To: TommyDale; writeblock
"They fail to appreciate that the name of the game is to win elections. If we lose them, we lose everything, including any hope at all of furthering our principles in the long run." When you have a candidate that does not share any of your principles and you vote for them, you have given up all your principles and have rendered yourself voteless. Once people are browbeaten to vote for a person based on unproven logic, that we just want to win, you can never go back. In otherwards, we can't say we will vote for Rudy without knowing that his candidacy alone is without principles. If we do that, the cause of conservatism will be gone for a long time, or maybe forever. Rudy will not further our principles because he doesn't share our principles. Neither do Republicans that support him.
If Rudy gets the nomination it would be better for our cause if he loses, proving Republicans have shot themselves in the foot.
In the end, Democrats are not going to vote for Rudy. They will vote for Democrats because they don't trust Republicans.
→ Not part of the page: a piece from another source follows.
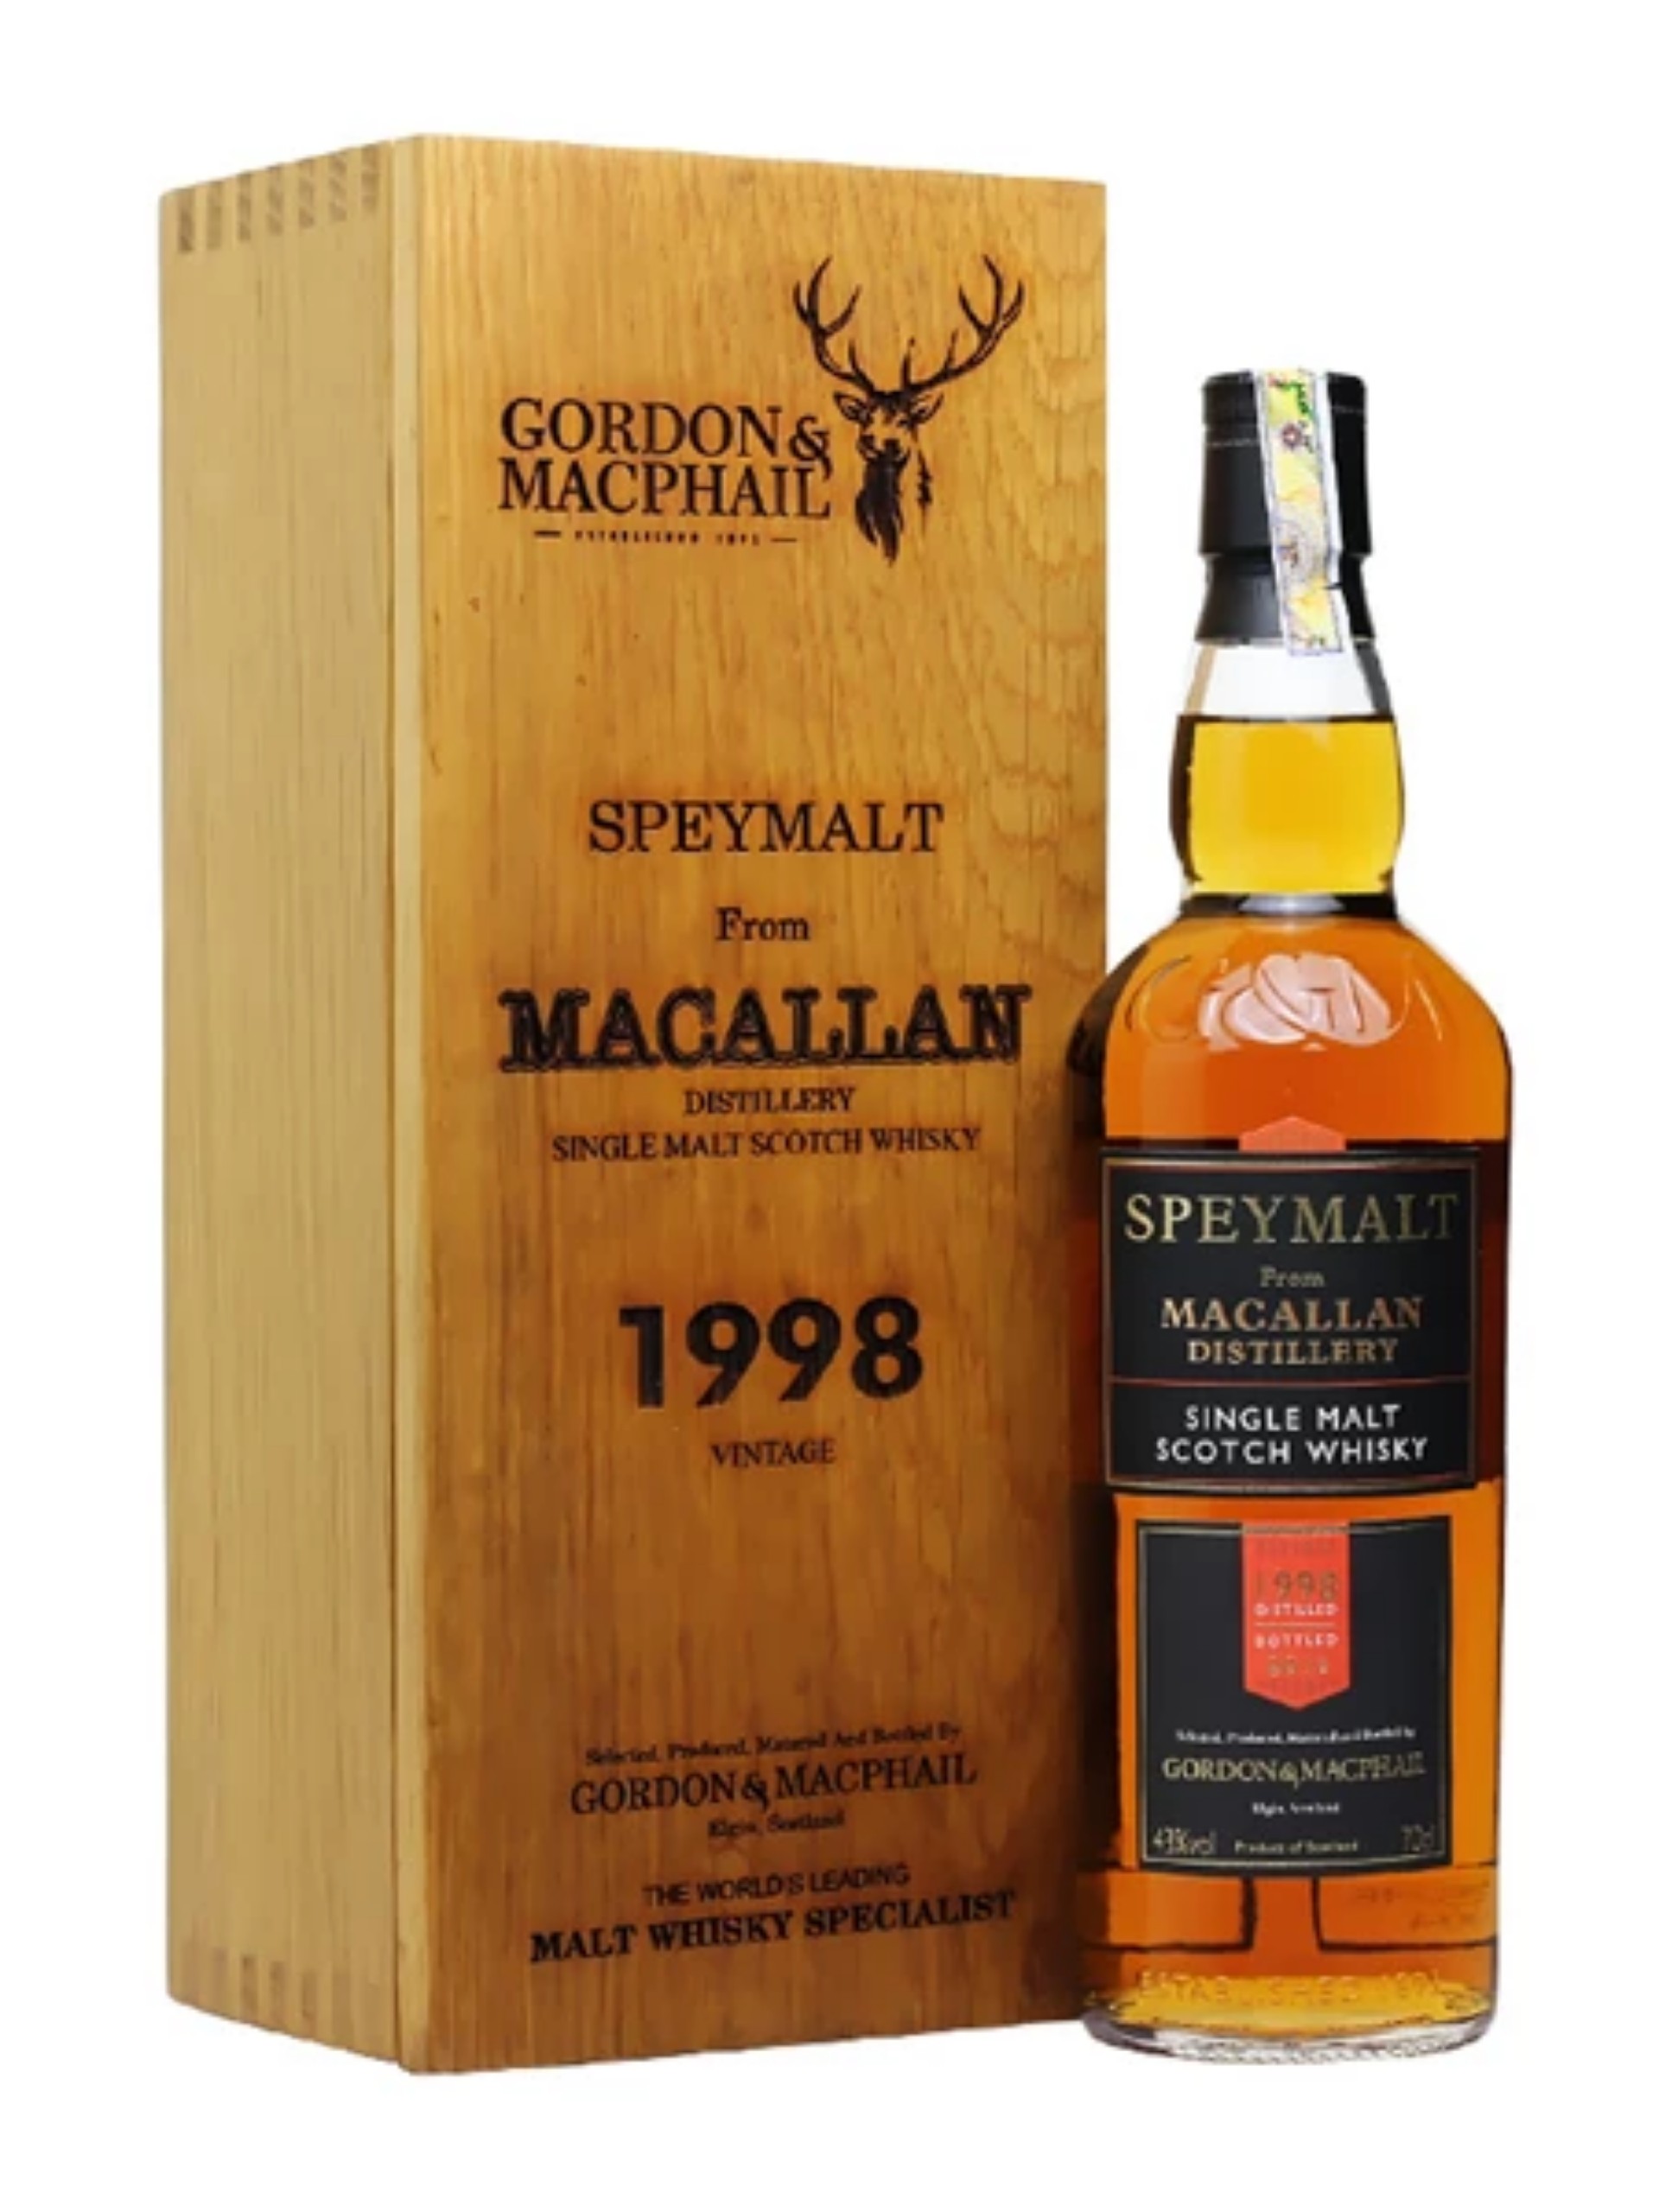 Whisky Macallan 1998-2016, Gordon & Macphail

Without conservatives, Rudy is dead meat. But...we know you can win without us, so we have been told.
137 posted on
04/18/2007 11:45:24 AM PDT by
dforest
(Fighting the new liberal Conservatism. The Left foot in the GOP door.)
To: indylindy
When you have a candidate that does not share any of your principles and you vote for them, you have given up all your principles and have rendered yourself voteless. Wow! Very well stated!
141 posted on
04/18/2007 11:54:29 AM PDT by
TommyDale
("Rudy can win the War on Terror!" Perhaps, but for whose side?)
To: indylindy
When you have a candidate that does not share any of your principles and you vote for them, you have given up all your principles and have rendered yourself voteless. Once people are browbeaten to vote for a person based on unproven logic, that we just want to win, you can never go back.
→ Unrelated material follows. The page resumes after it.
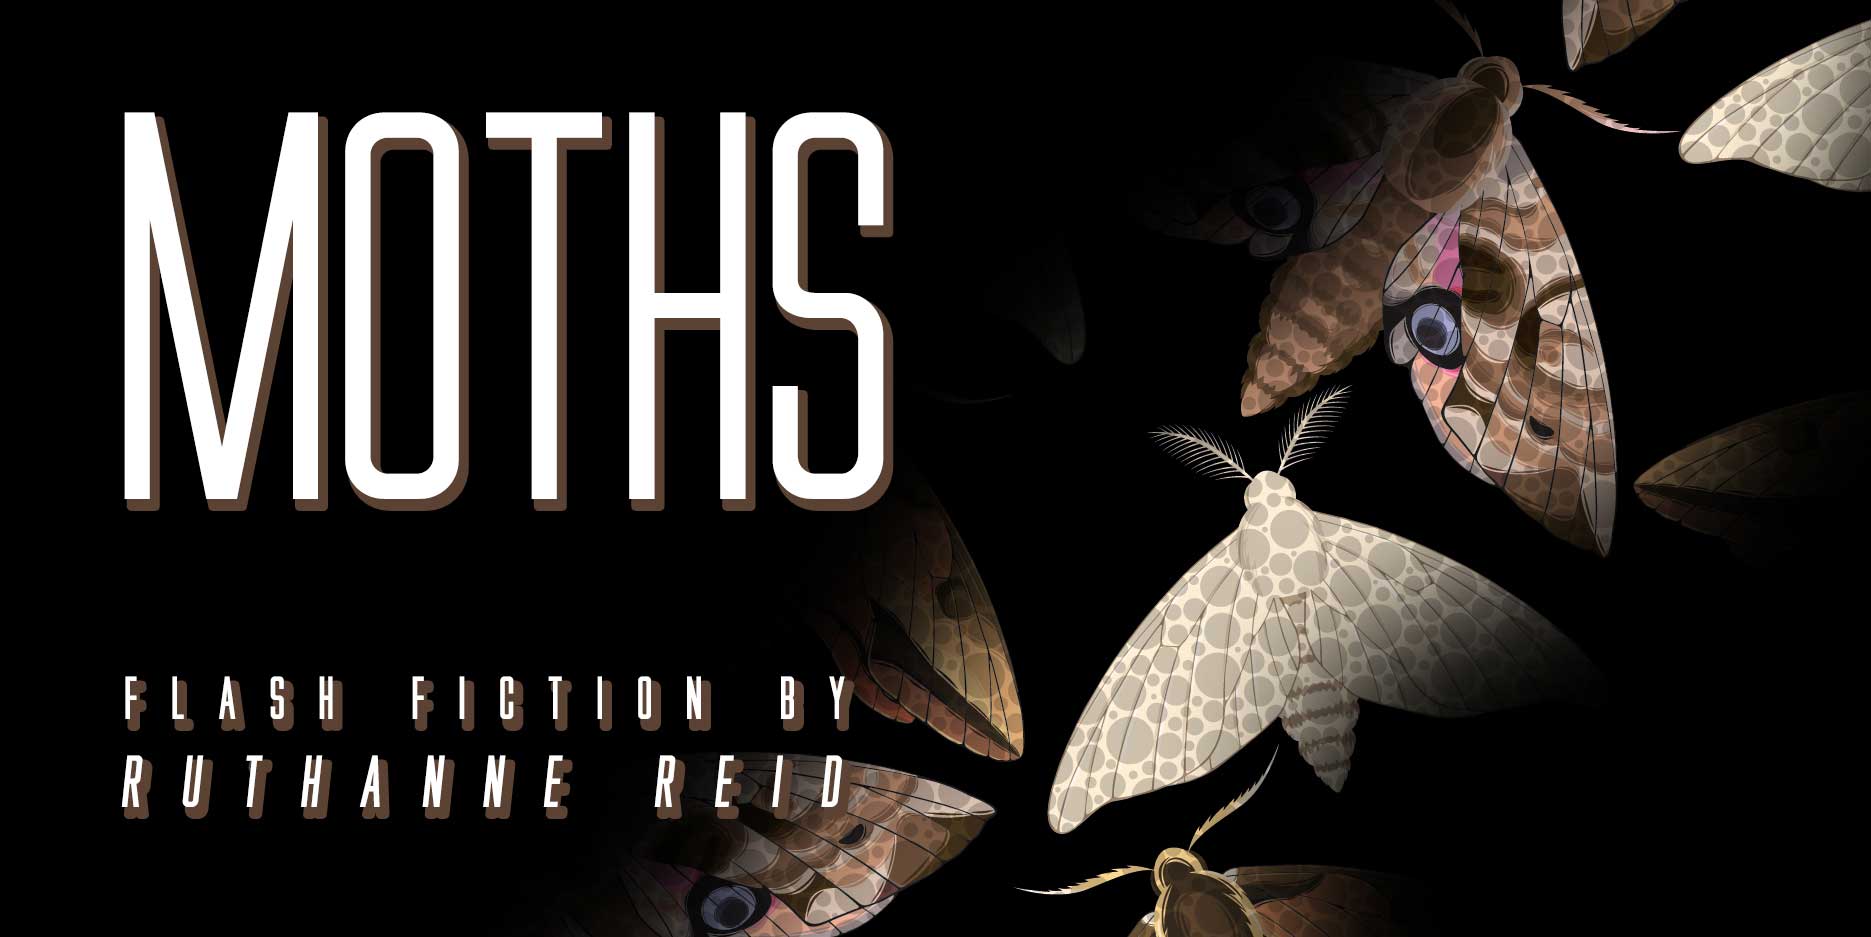 Moths: flash fiction by Ruthanne Reid

Some people seem to forget that the modern conservative movement was begun with an election Republicans lost, that being 1964.
Conversely, the historical Republican victories in 2002 and 2004, and the way Republicans governed afterwards, led to the situation we have today, where it's going to be very hard to convince the electorate that Republicans, if elected, will follow their traditional limited government principles in the future.
There's simply no logic to the argument that electing a Republican, any Republican, is the only way to further the conservative movement.